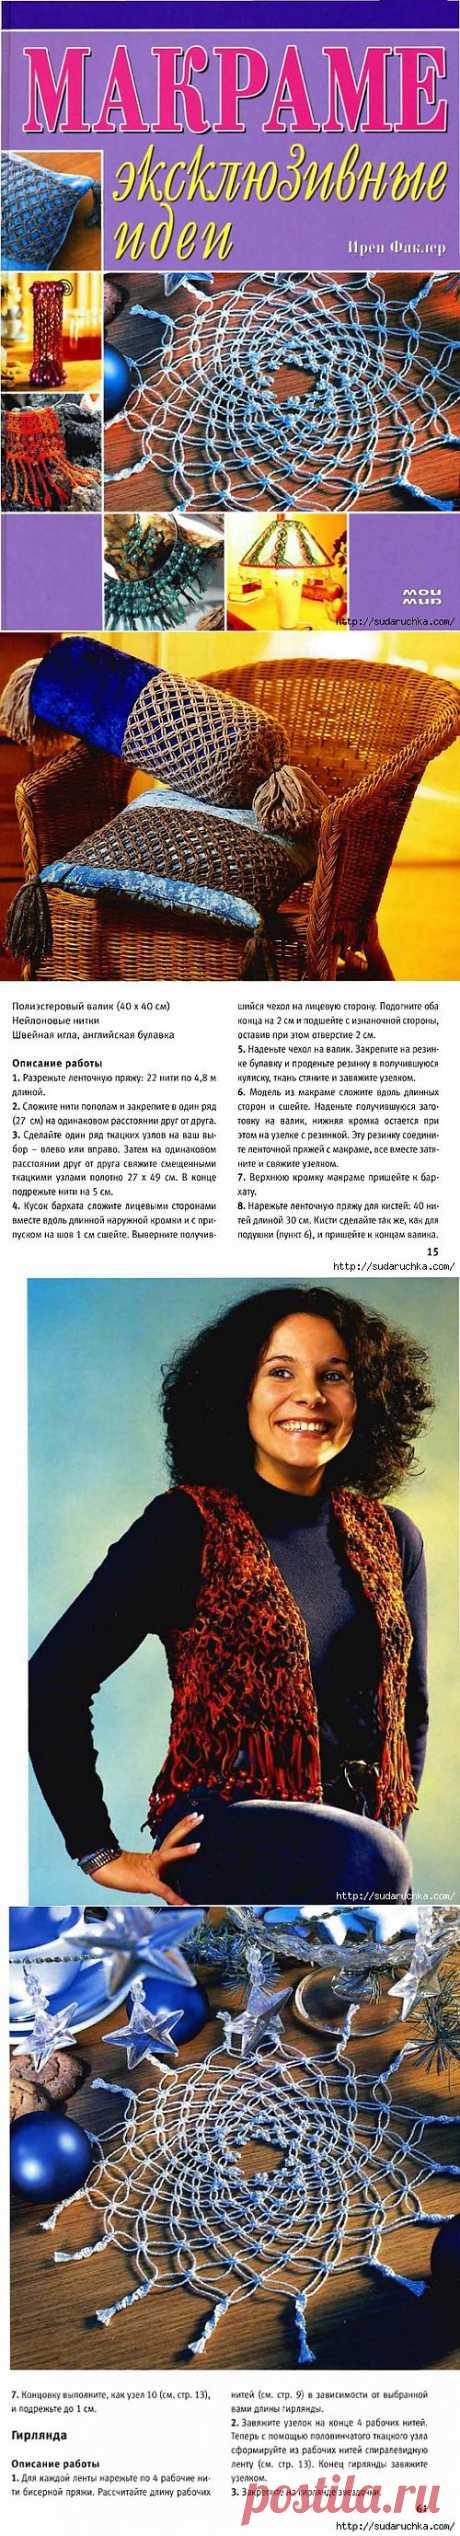 """""""Макраме - эксклюзивные модели"""". Журнал по рукоделию.."""
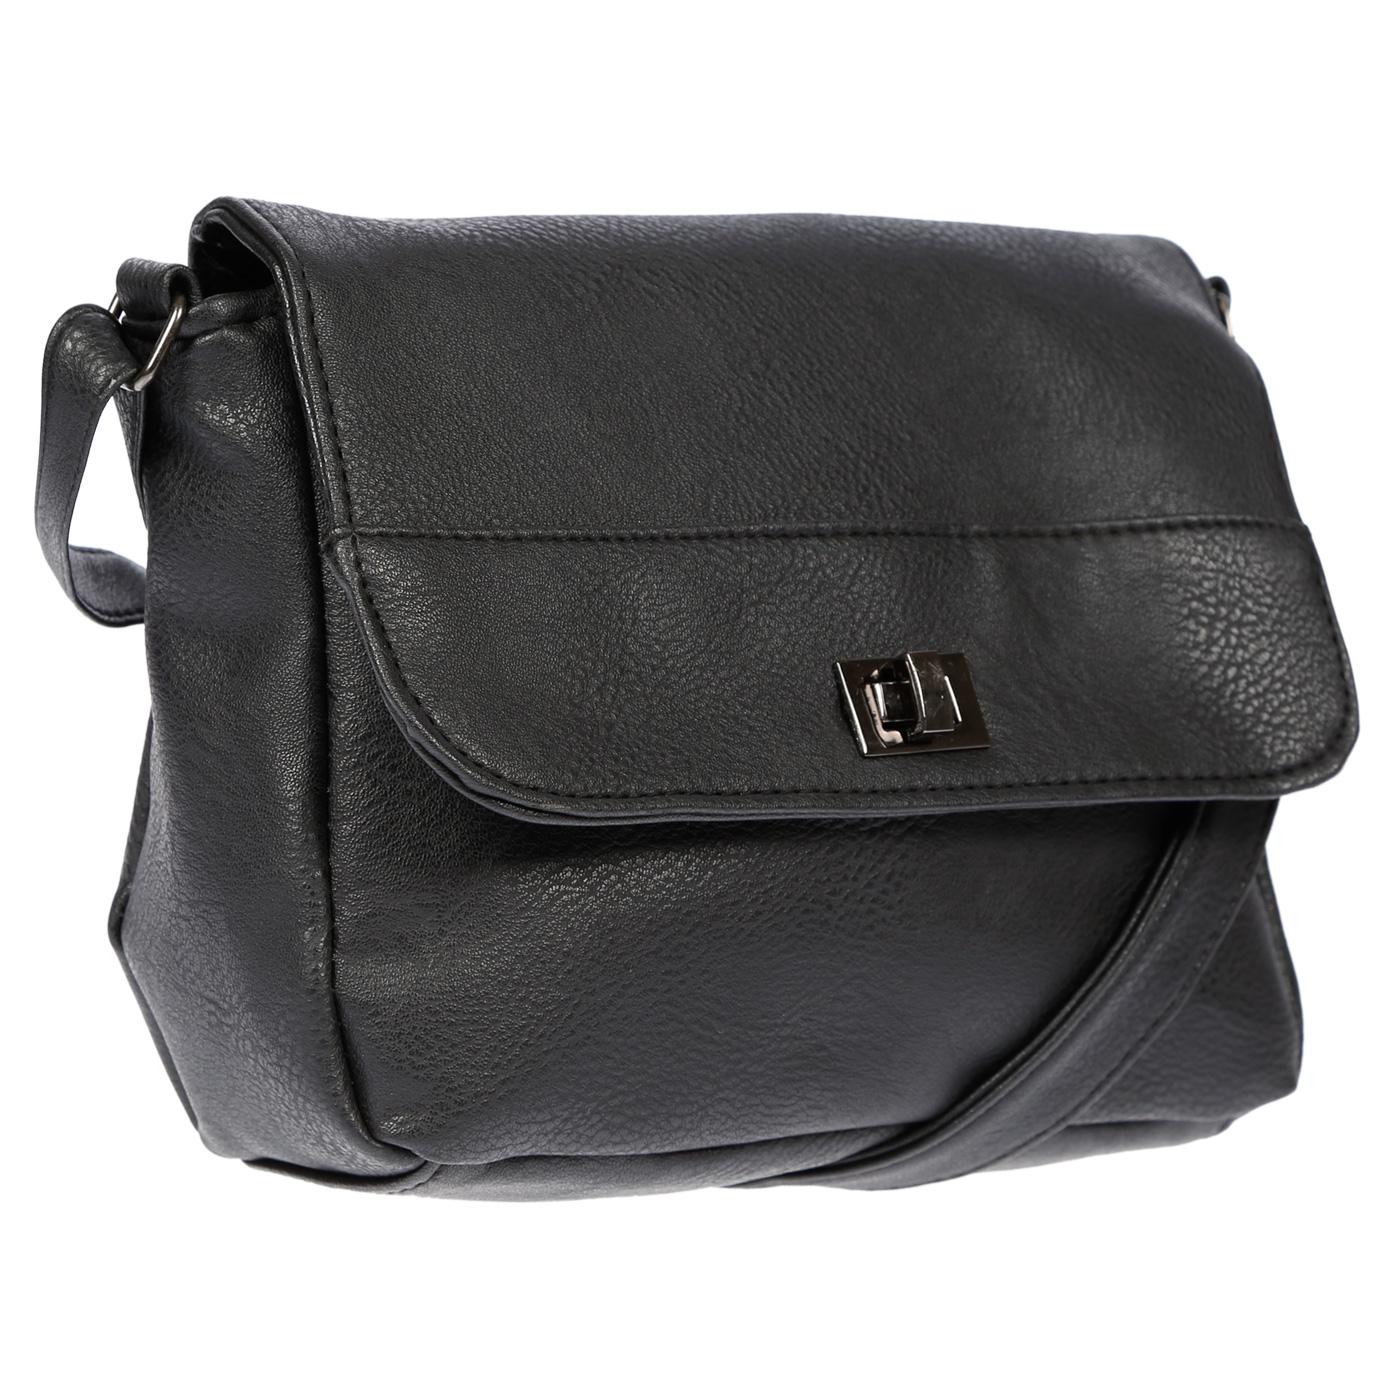 Kleine-Damen-Tasche-Umhaengetasche-Schultertasche-Crossover-Bag-Leder-Optik-NEU Indexbild 14
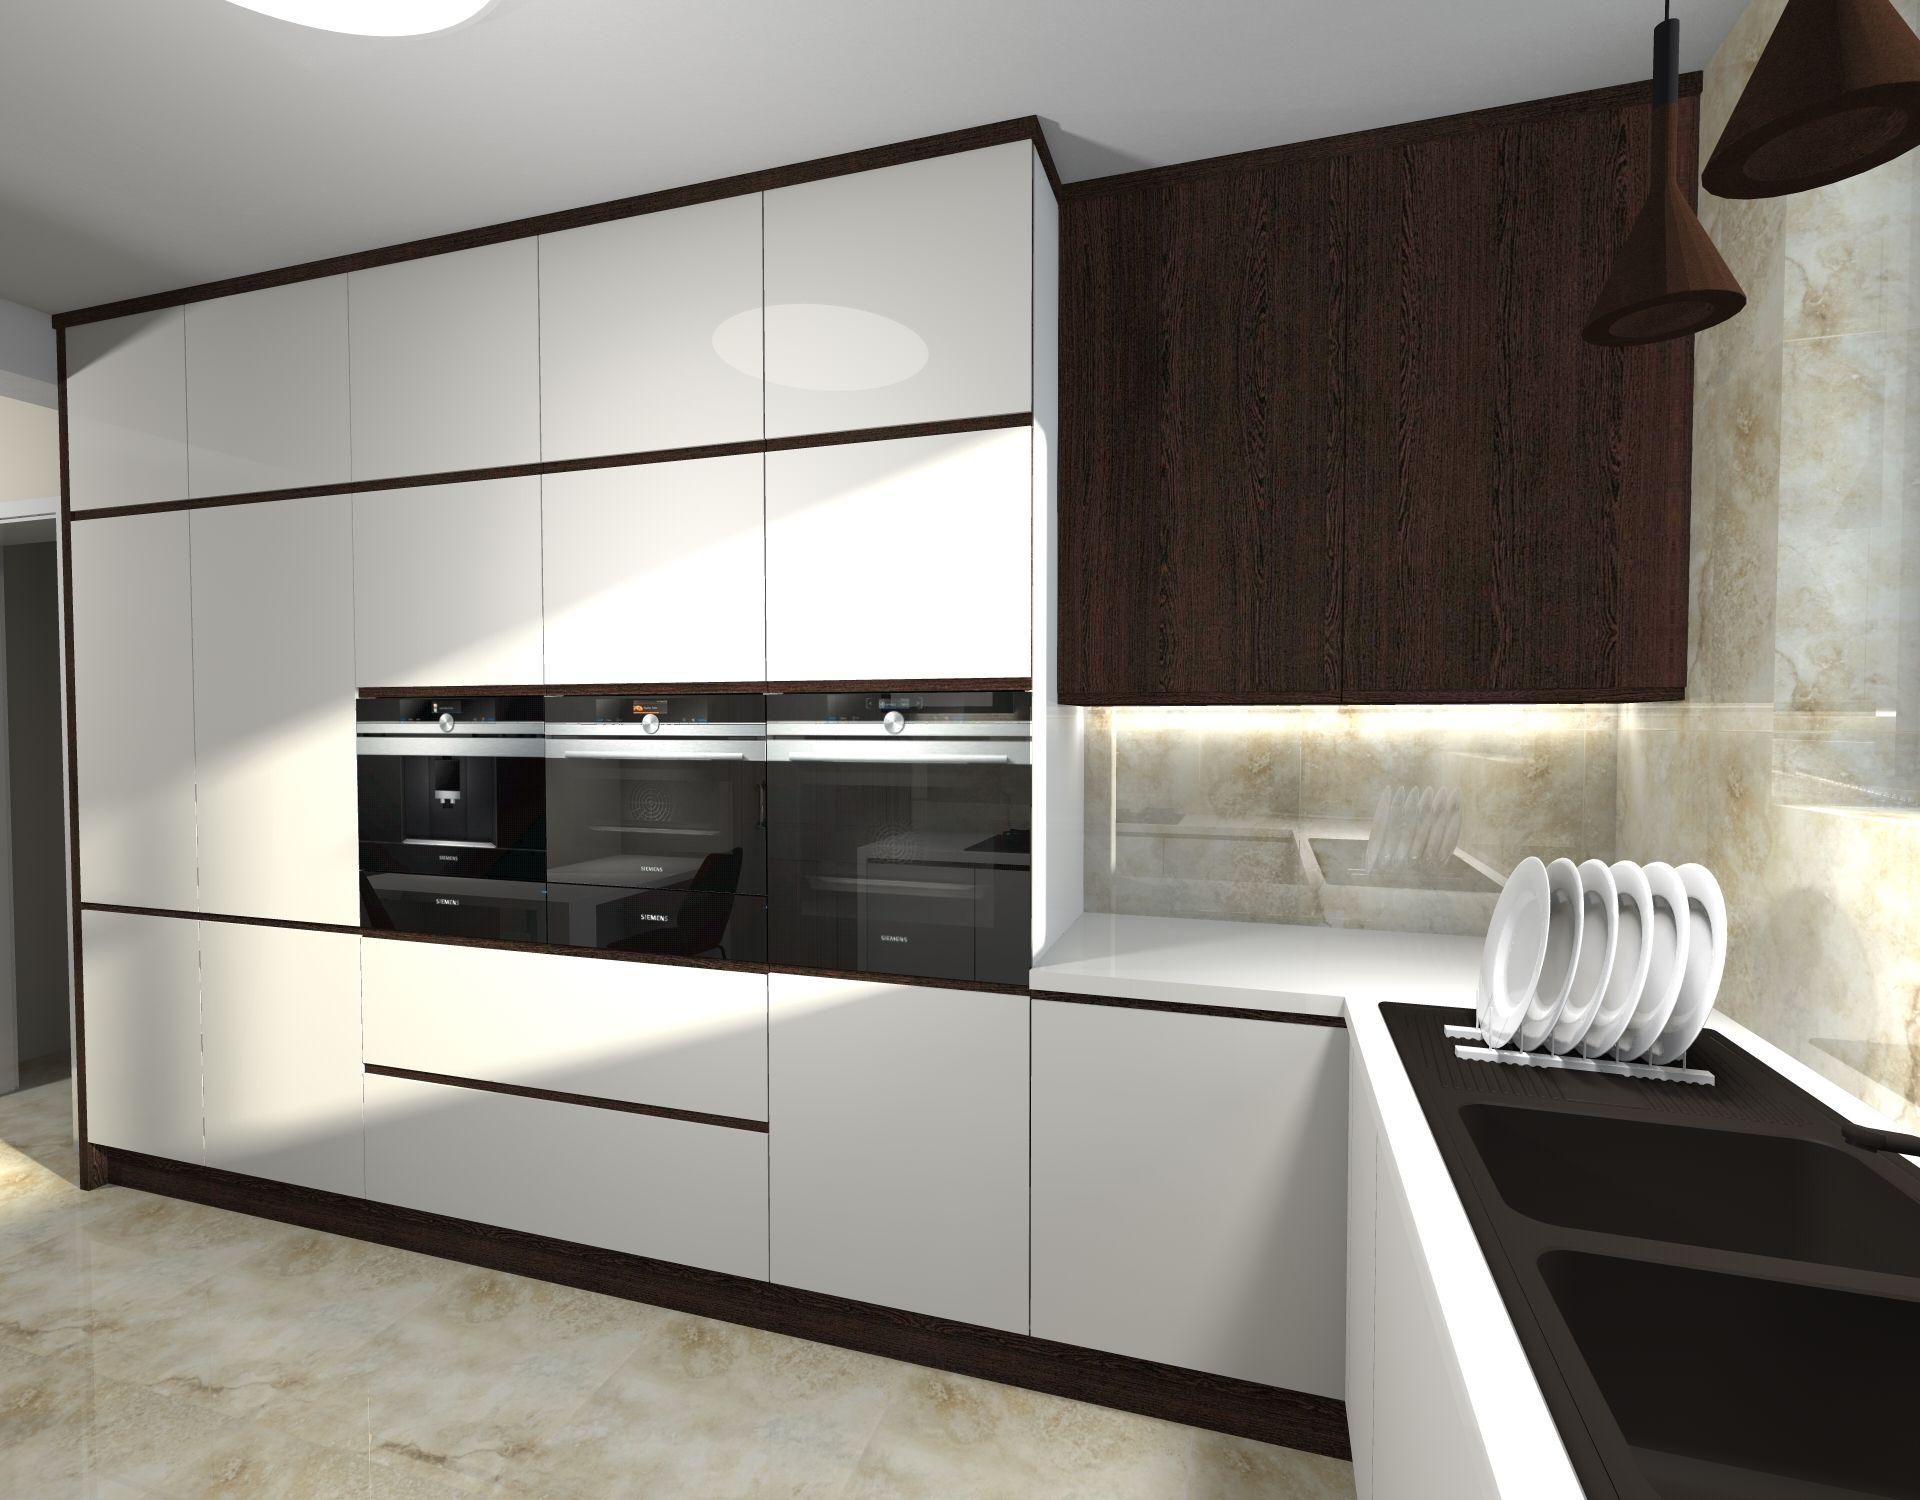 Projekt Kuchni W Domu Jednorodzinnym Lil Let Projektowanie Wnetrz Szczecin Kitchen Cabinets Home Decor Home

GOAL OF THE EXERCISE =>
Word for word, restate each line above, minus its pictures.

RESULT FOR THIS TASK =>
 """""""Макраме - эксклюзивные модели"""". Журнал по рукоделию.."""
 Kleine-Damen-Tasche-Umhaengetasche-Schultertasche-Crossover-Bag-Leder-Optik-NEU Indexbild 14
 Projekt Kuchni W Domu Jednorodzinnym Lil Let Projektowanie Wnetrz Szczecin Kitchen Cabinets Home Decor Home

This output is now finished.